■ Data provided
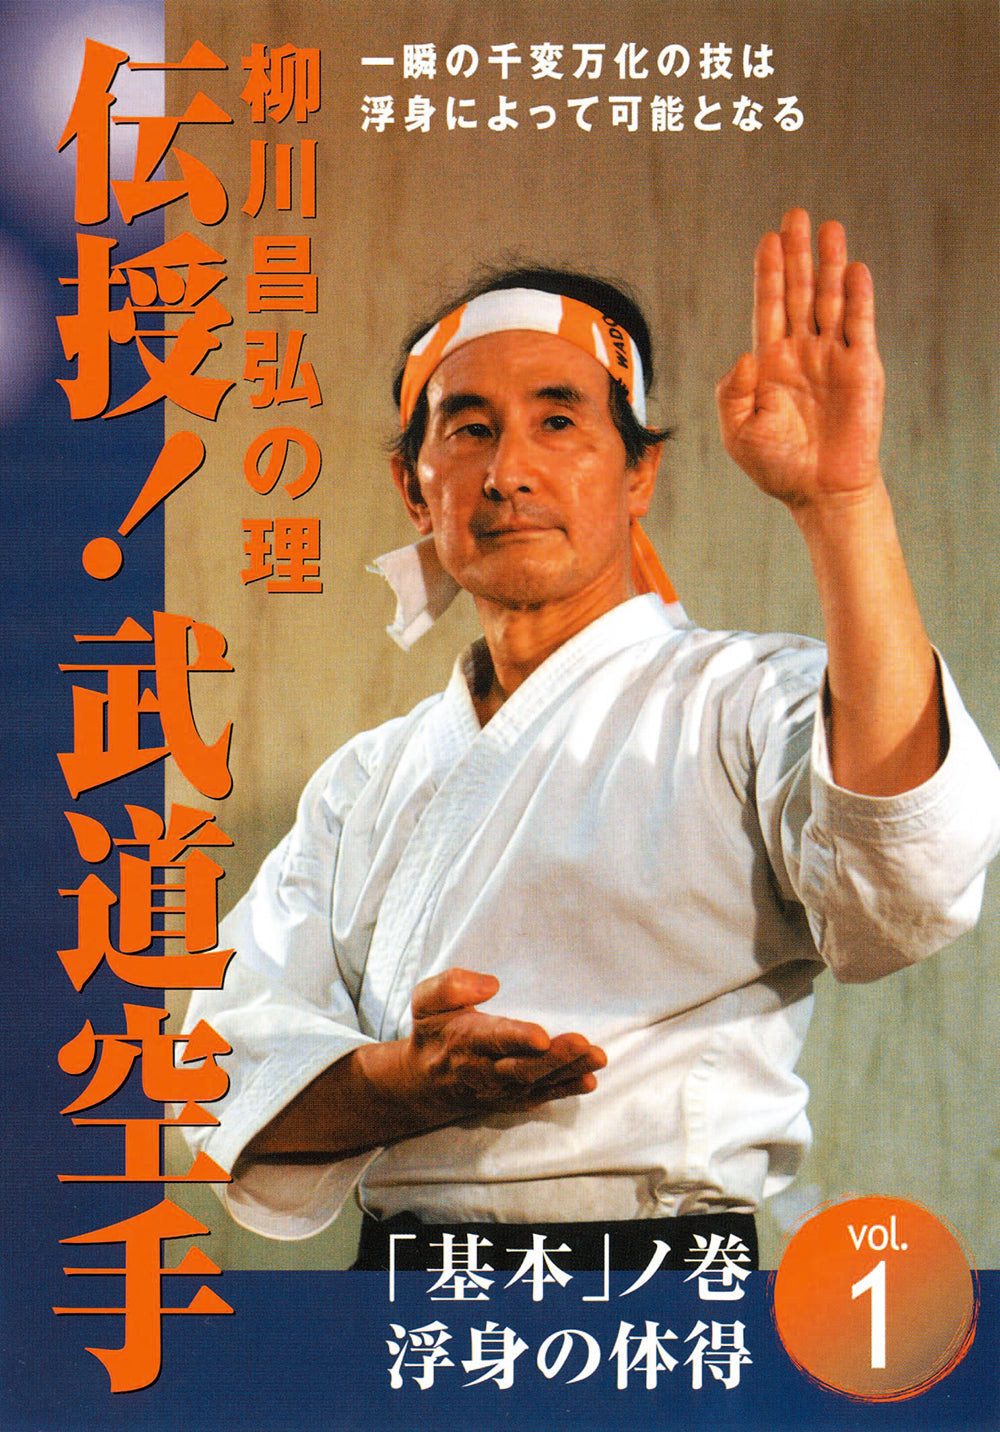 Basic Budo Karate DVD by Masahiro Yanagawa
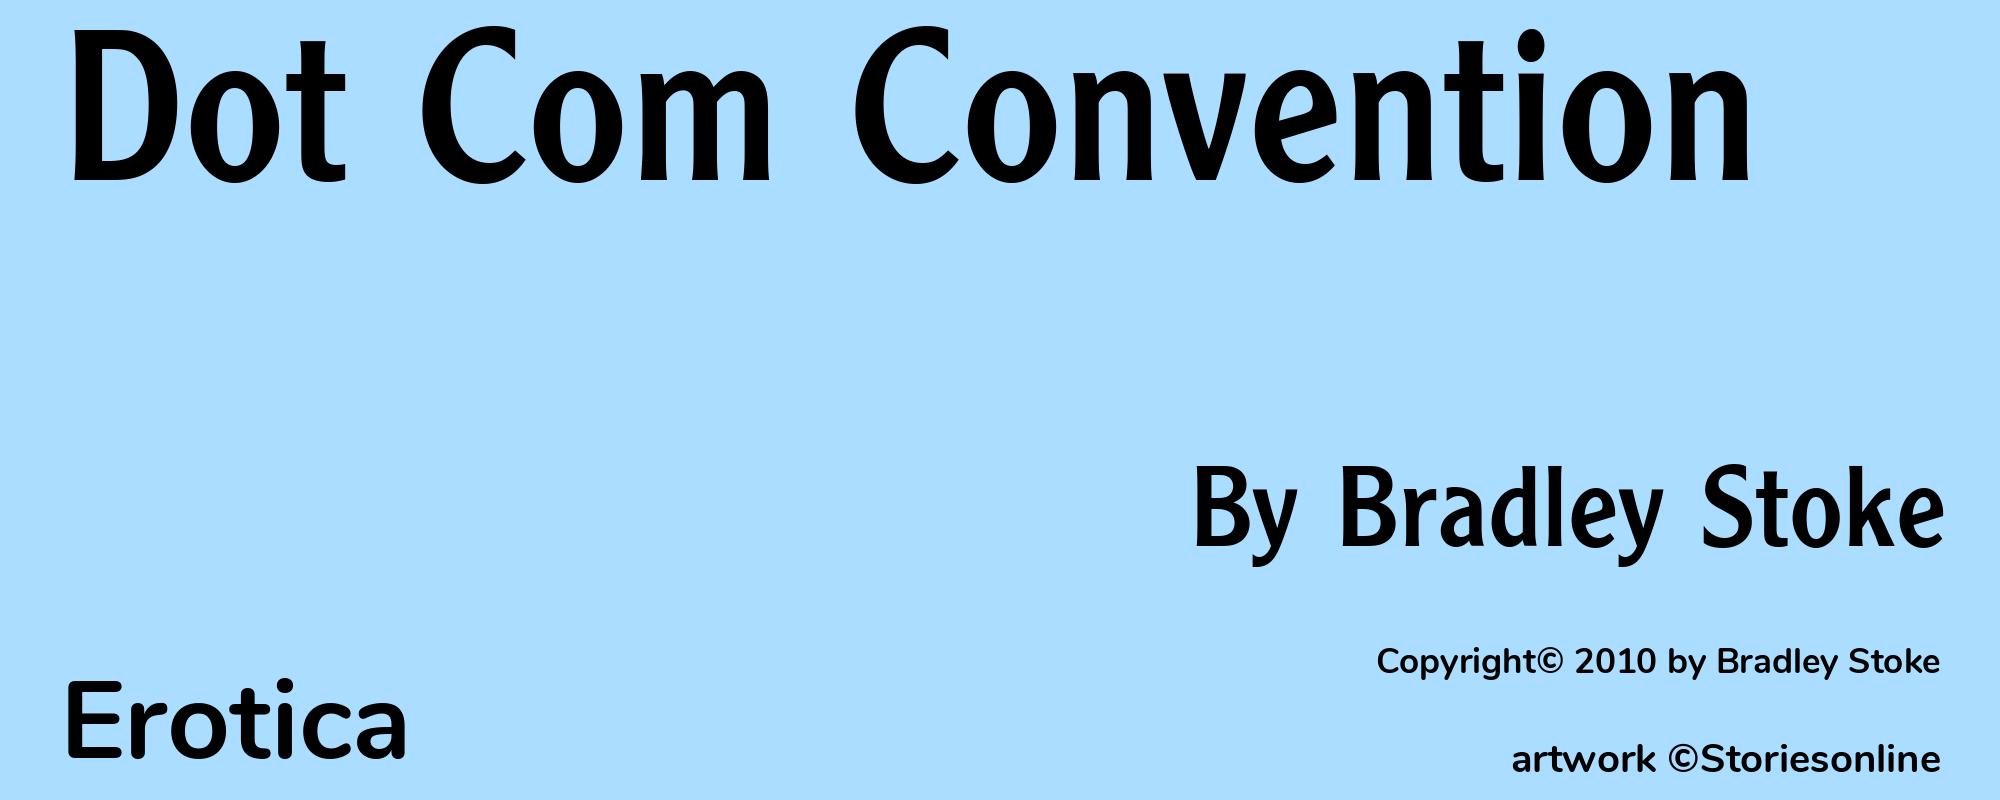 Dot Com Convention - Cover
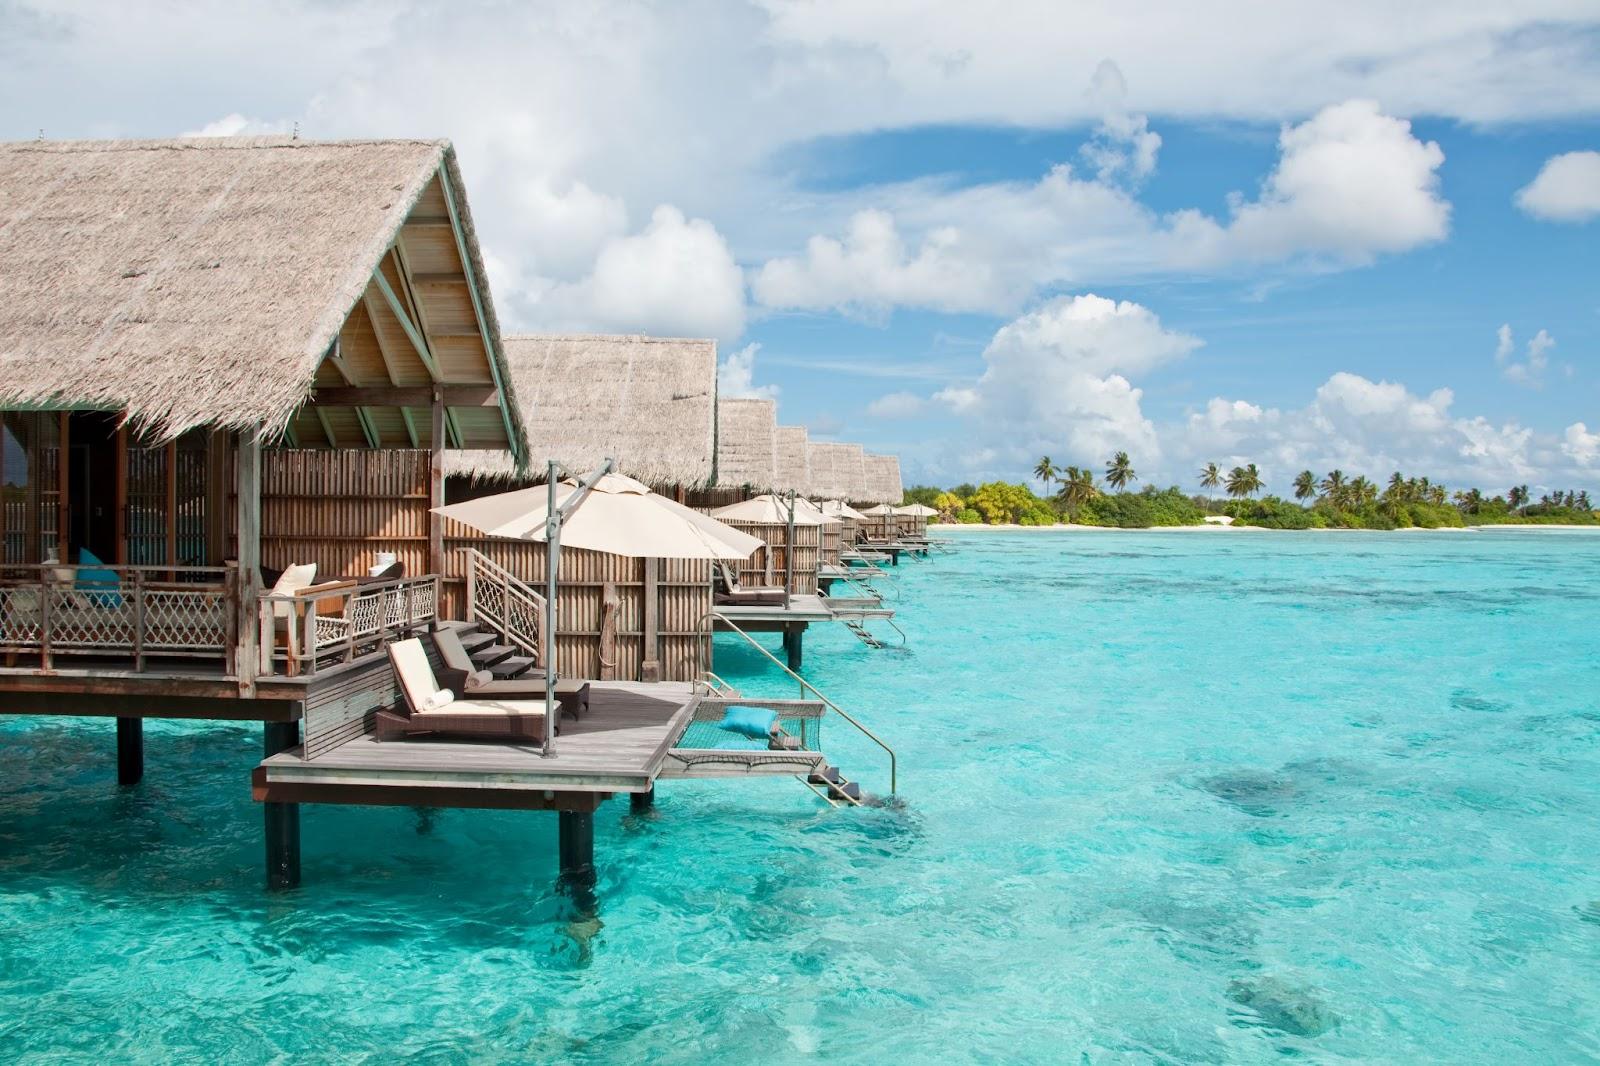 Water villas in the ocean Maldives
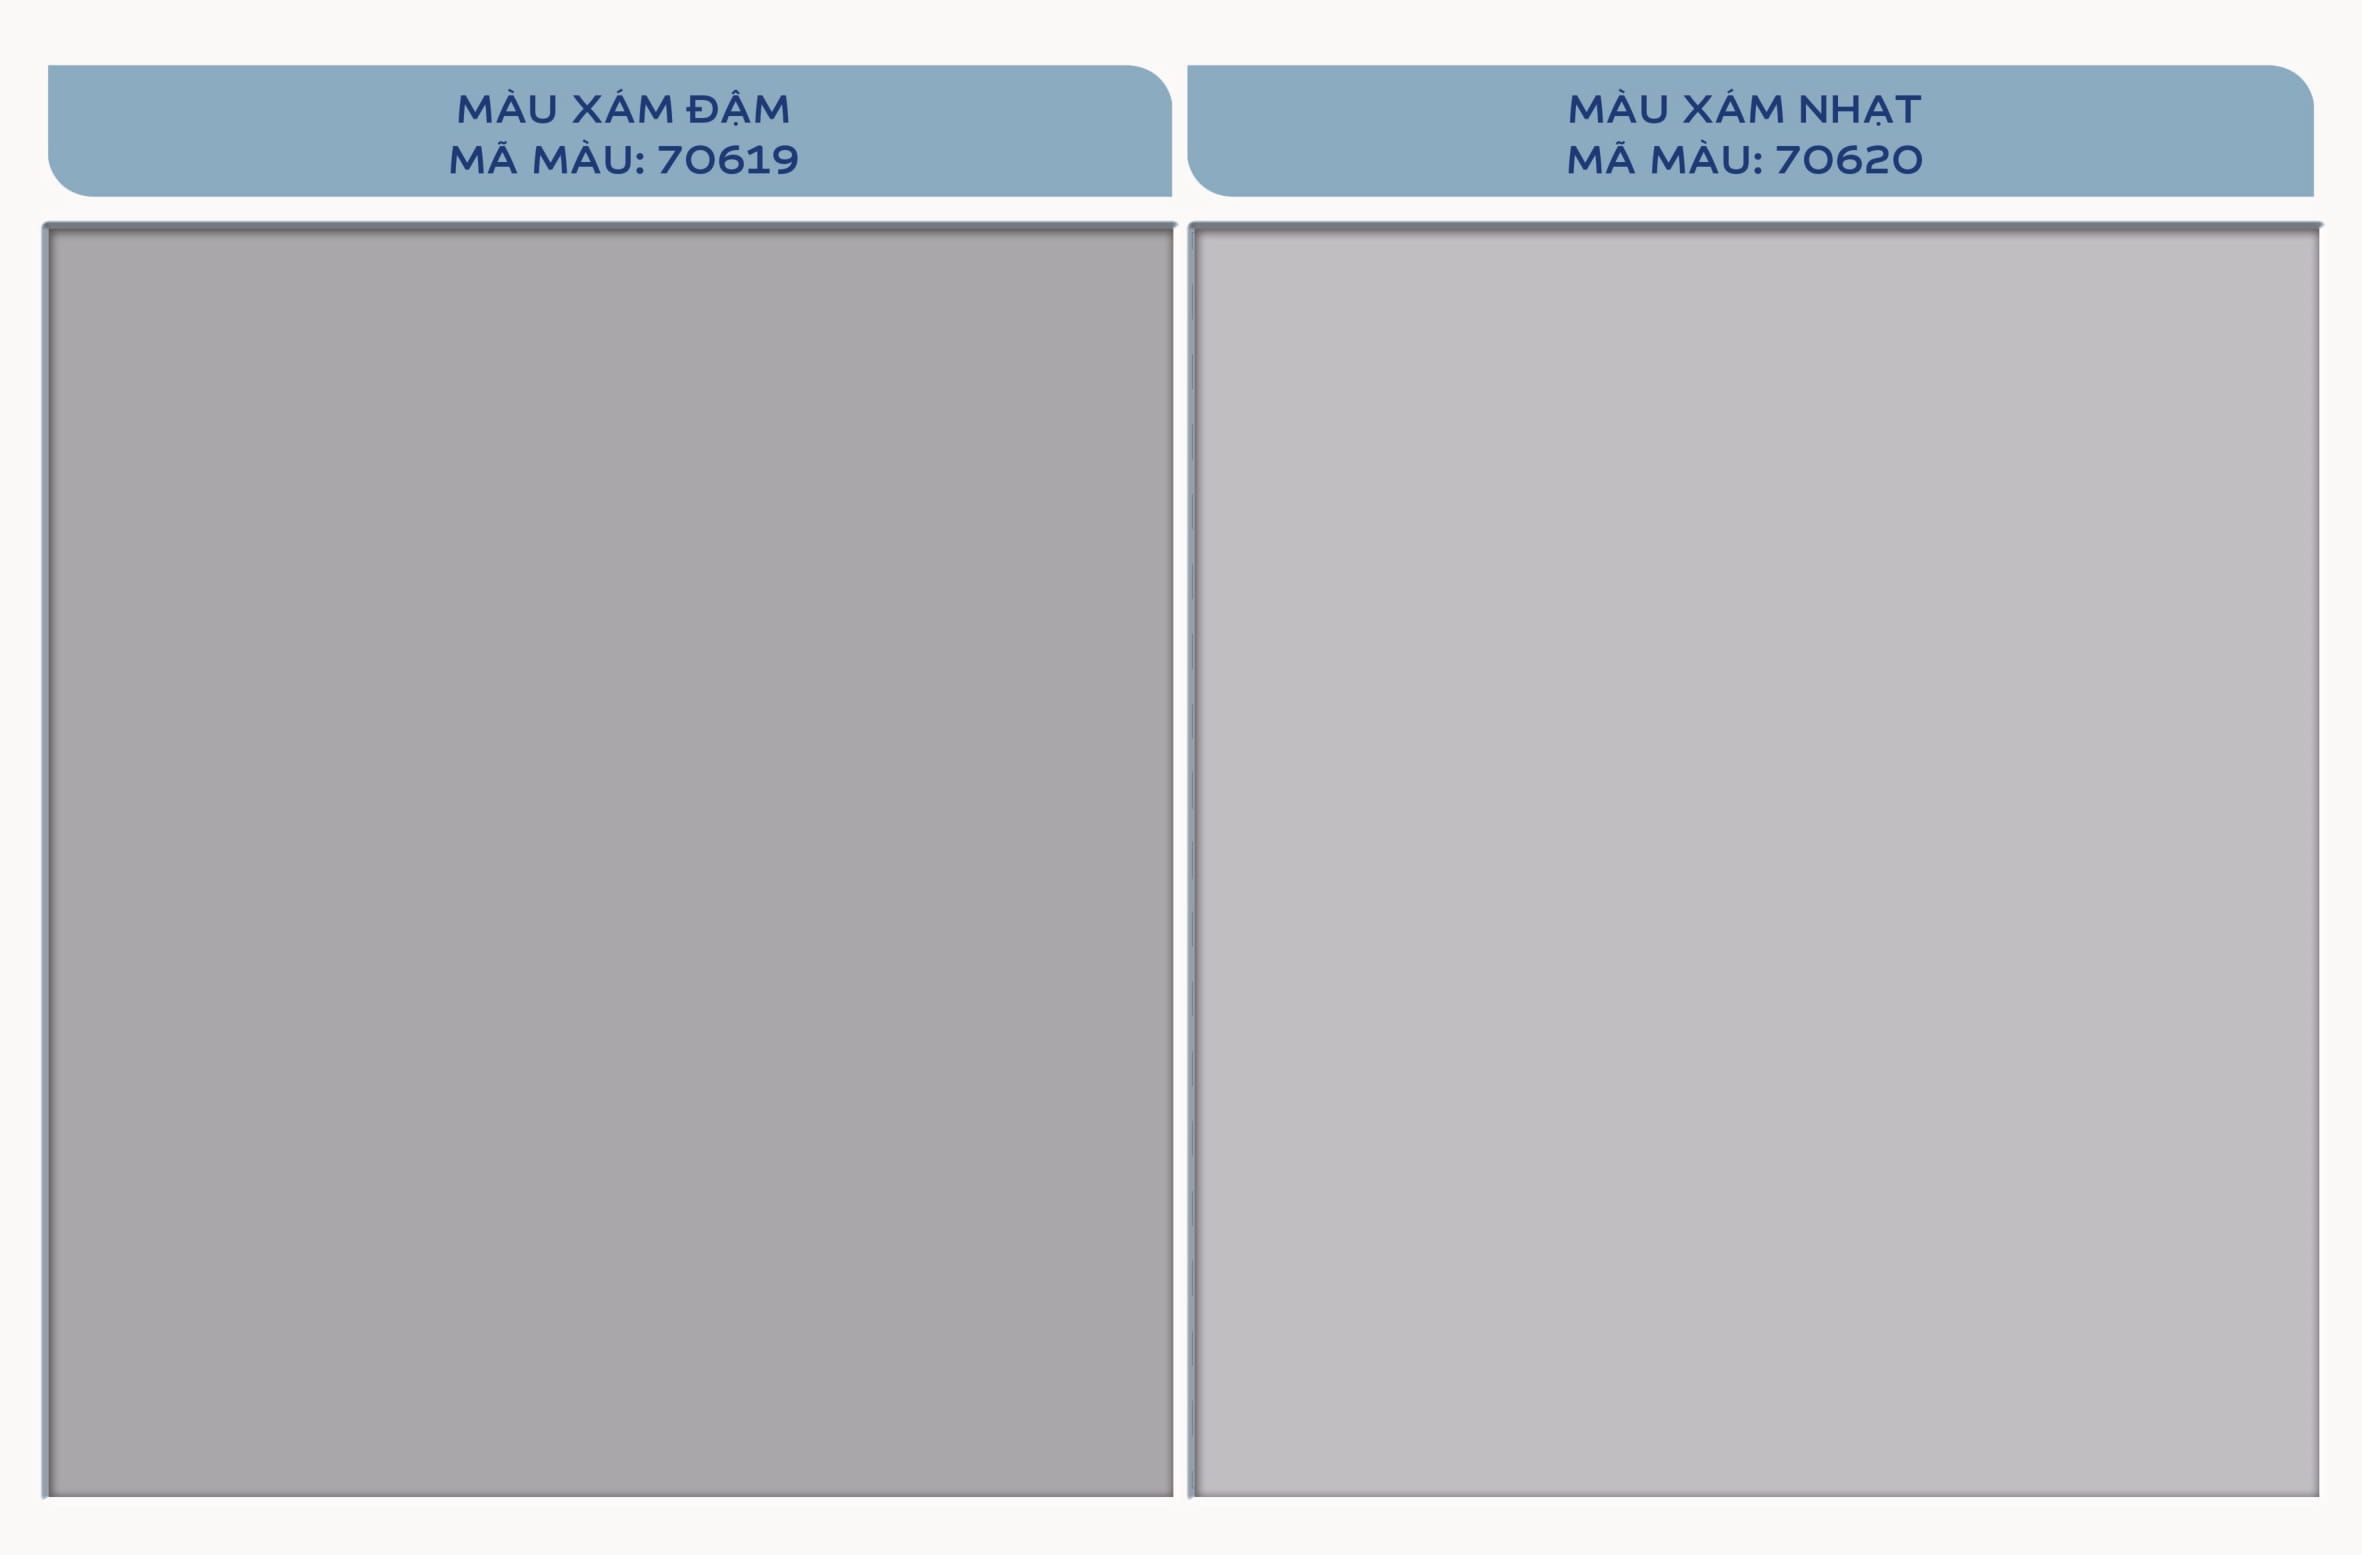 Bảng màu chống thấm Dulux Aquatech Flex mang đến cho bạn nhiều sự lựa chọn và sự tùy chỉnh cho ngôi nhà của bạn. Với khả năng chống thấm và độ bền cao, màu sắc lấp lánh của Dulux Aquatech Flex sẽ giúp cho không gian sống của bạn trở nên đẹp mắt và chắc chắn hơn bao giờ hết.

■ Assignment
Write the data out again exactly, but without its images.

■ Response below
 Basic Budo Karate DVD by Masahiro Yanagawa
 Dot Com Convention - Cover
 Water villas in the ocean Maldives
 Bảng màu chống thấm Dulux Aquatech Flex mang đến cho bạn nhiều sự lựa chọn và sự tùy chỉnh cho ngôi nhà của bạn. Với khả năng chống thấm và độ bền cao, màu sắc lấp lánh của Dulux Aquatech Flex sẽ giúp cho không gian sống của bạn trở nên đẹp mắt và chắc chắn hơn bao giờ hết.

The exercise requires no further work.